Dataset extract:

::::

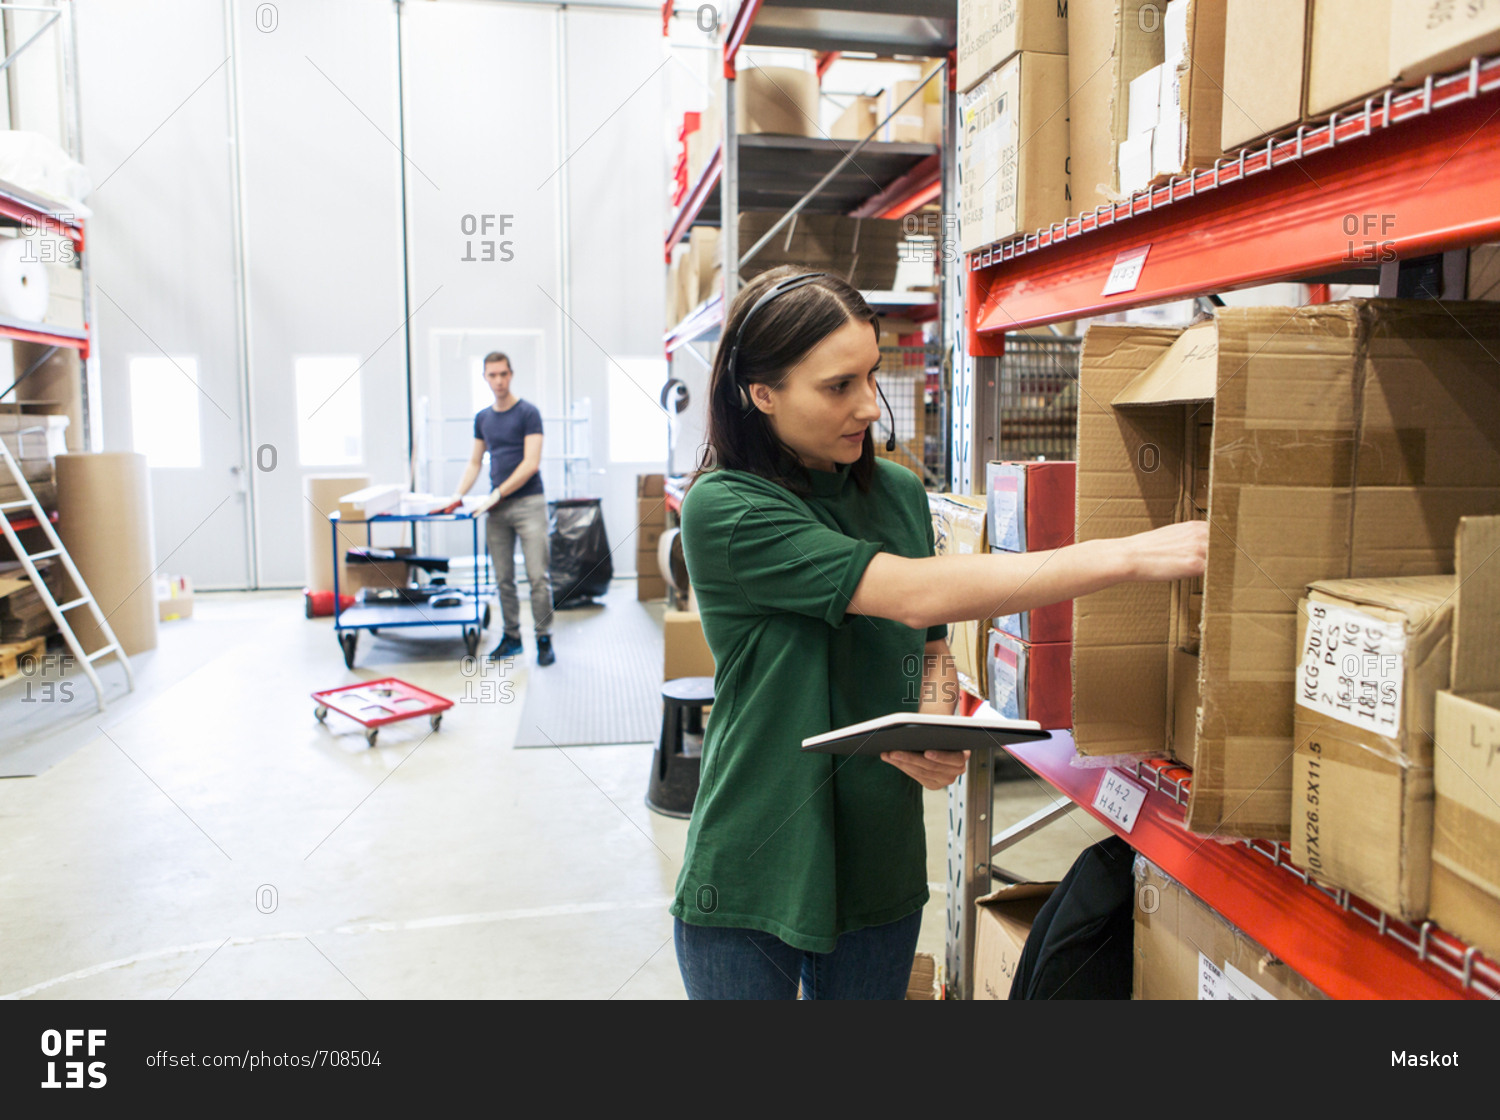 Male and female colleagues examining boxes in industry
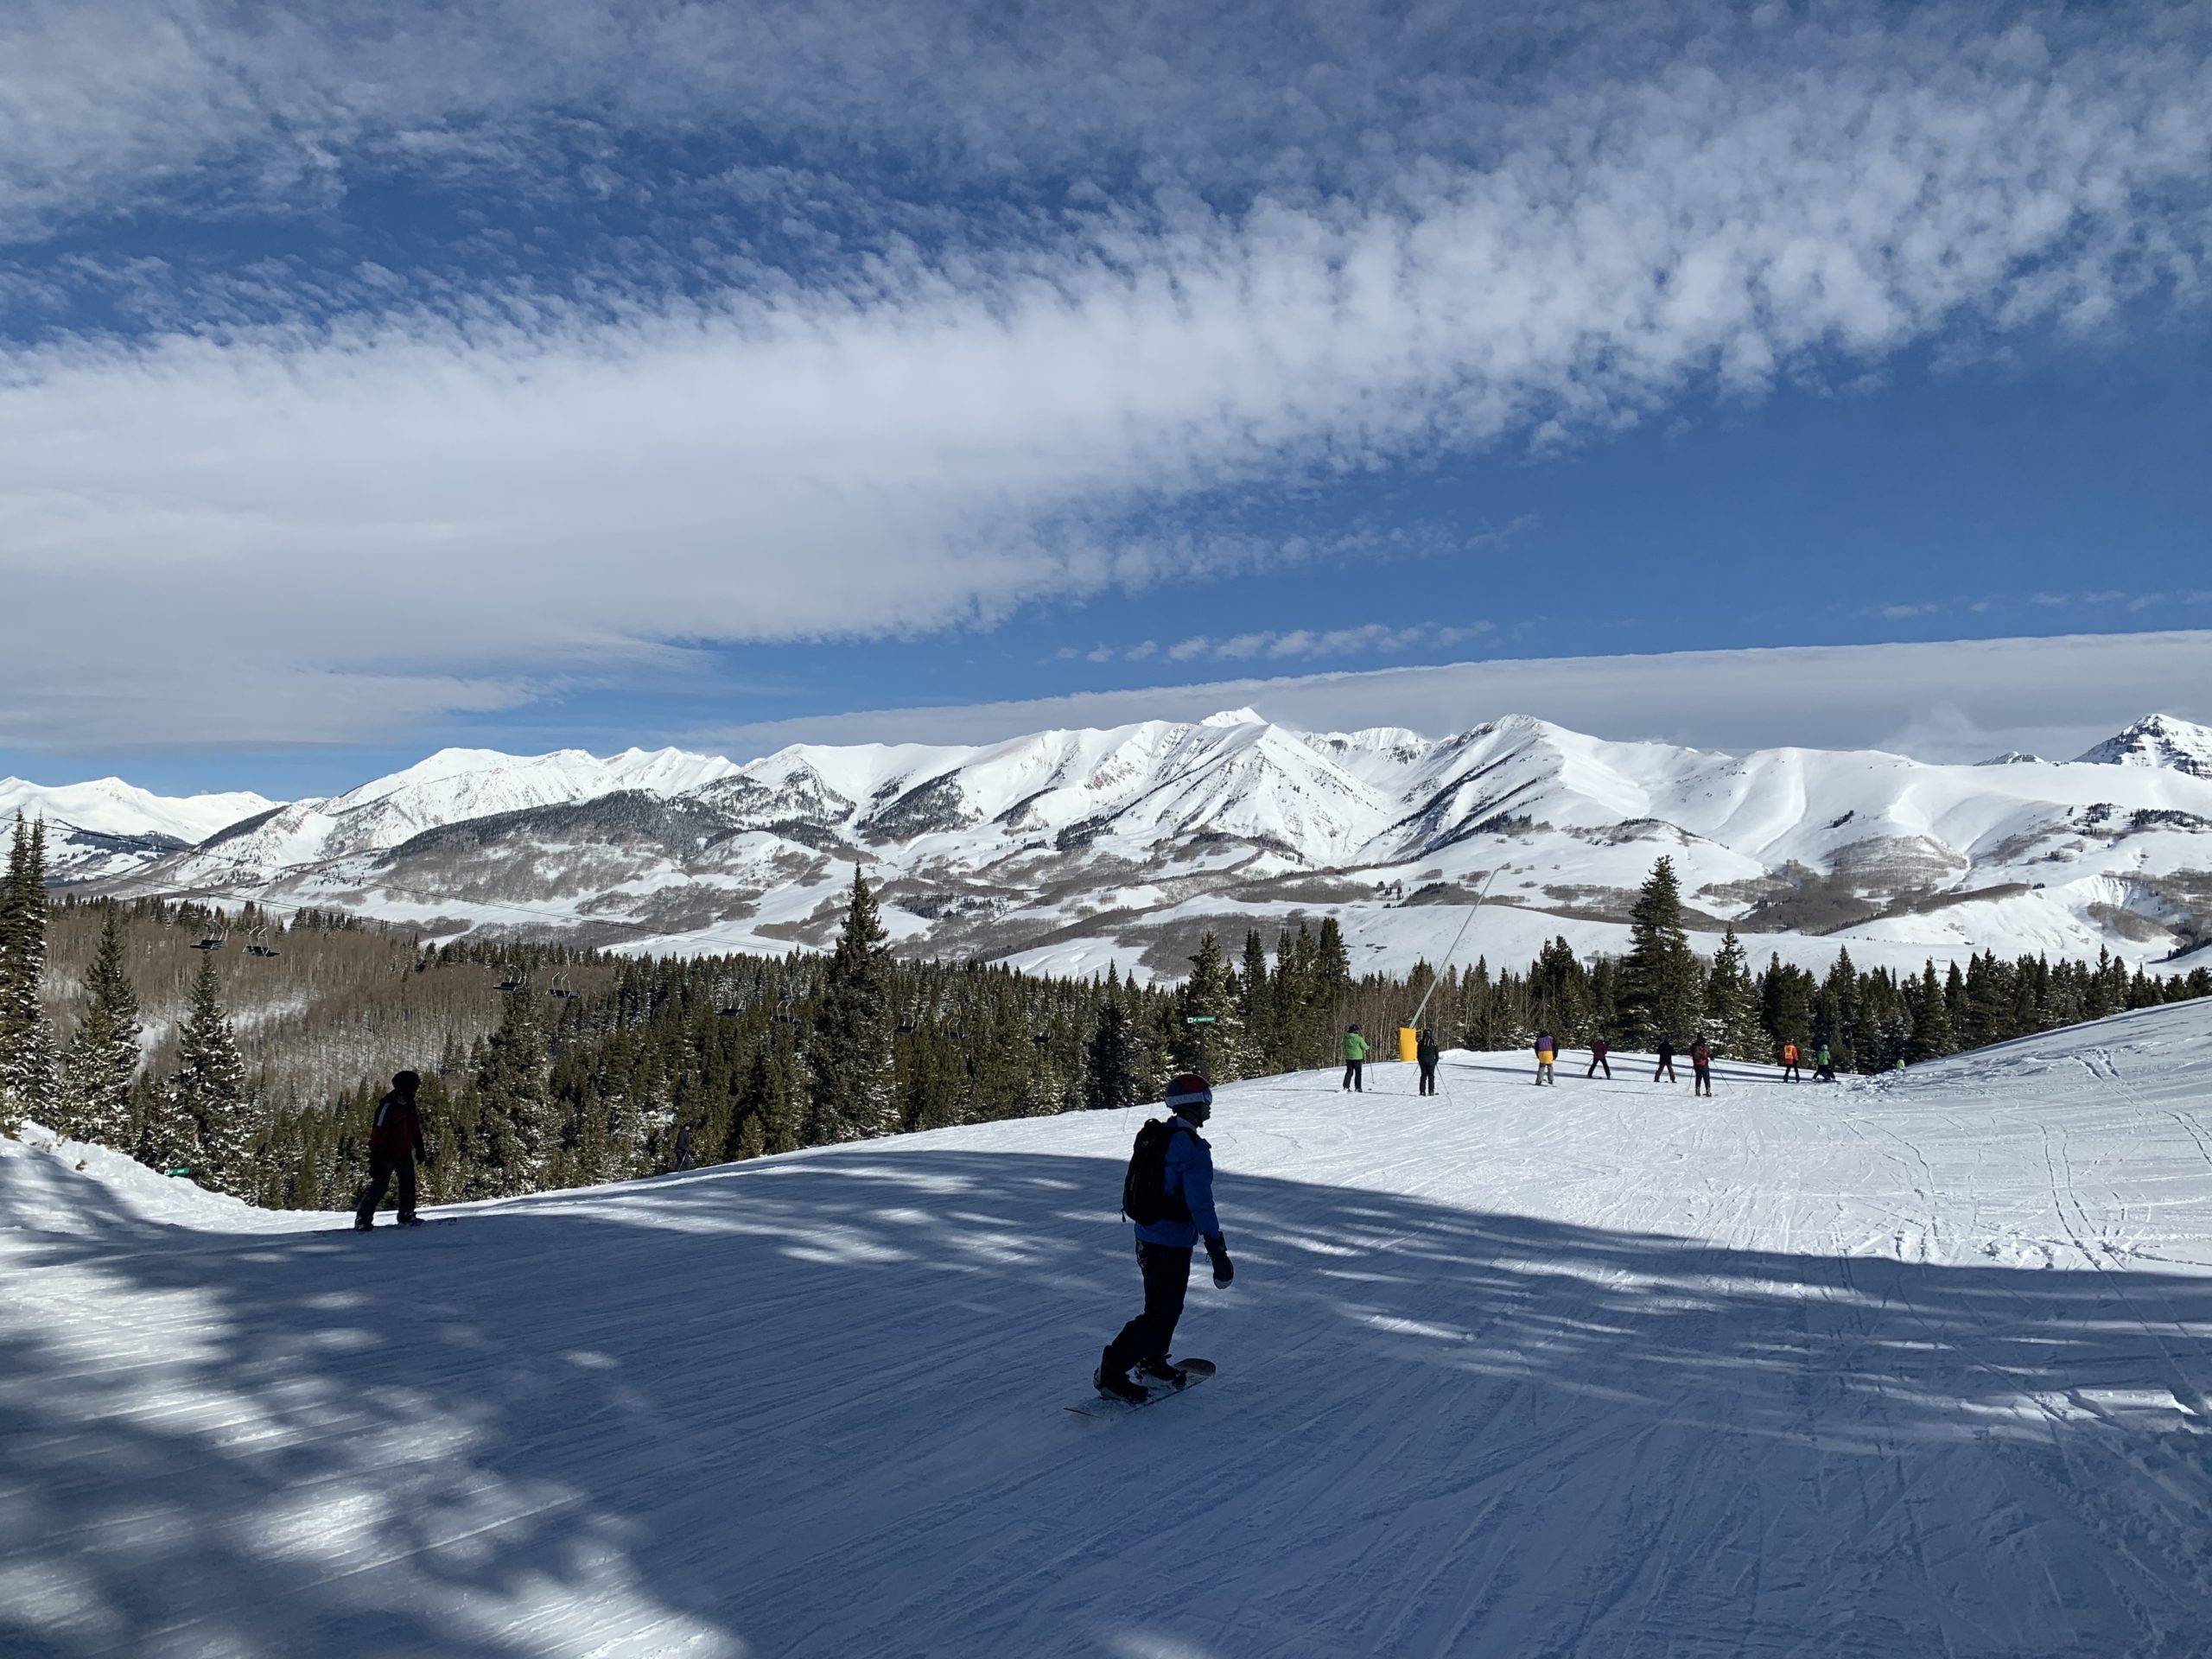 MR. WANDERING’S GUEST BLOG: A REVIEW OF CRESTED BUTTE
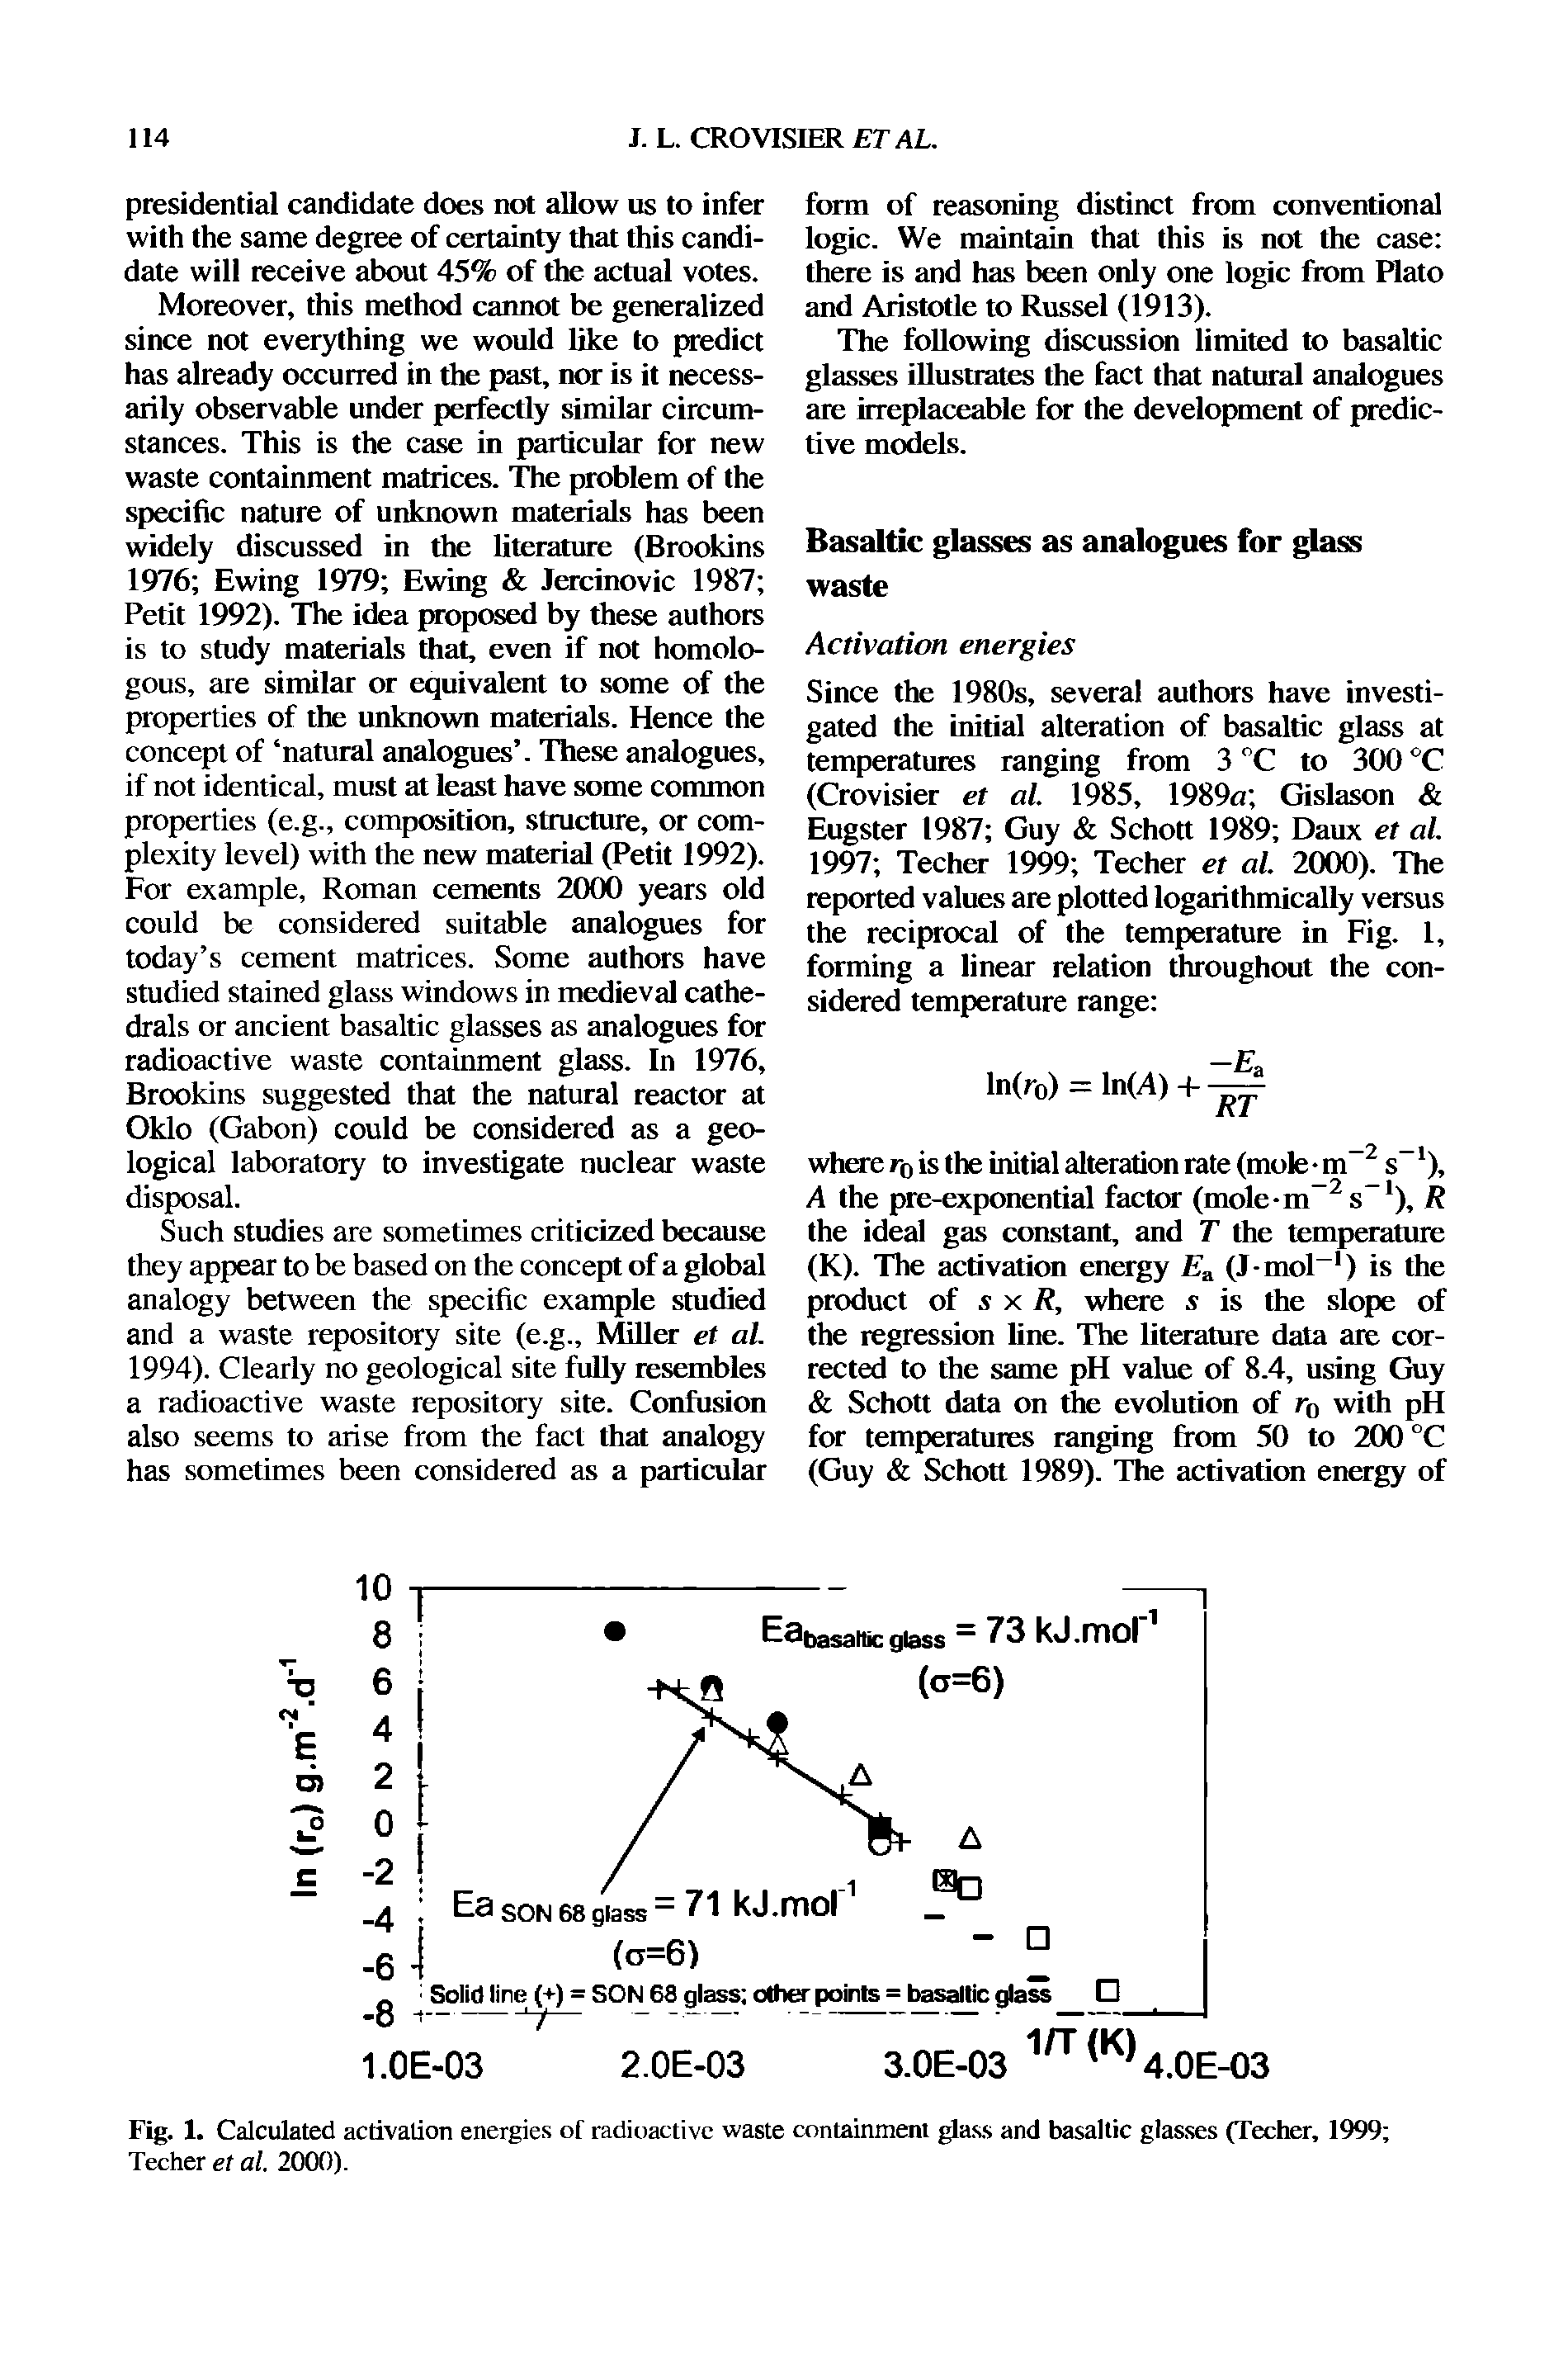 Fig. 1. Calculated activation energies of radioactive waste containment glass and basaltic glasses (Techer, 1999 Techer et al. 2000).

::::

Exercise prompt:
Would you give the data above again word for word, skipping any images?

Written solution:
 Male and female colleagues examining boxes in industry
 MR. WANDERING’S GUEST BLOG: A REVIEW OF CRESTED BUTTE
 Fig. 1. Calculated activation energies of radioactive waste containment glass and basaltic glasses (Techer, 1999 Techer et al. 2000).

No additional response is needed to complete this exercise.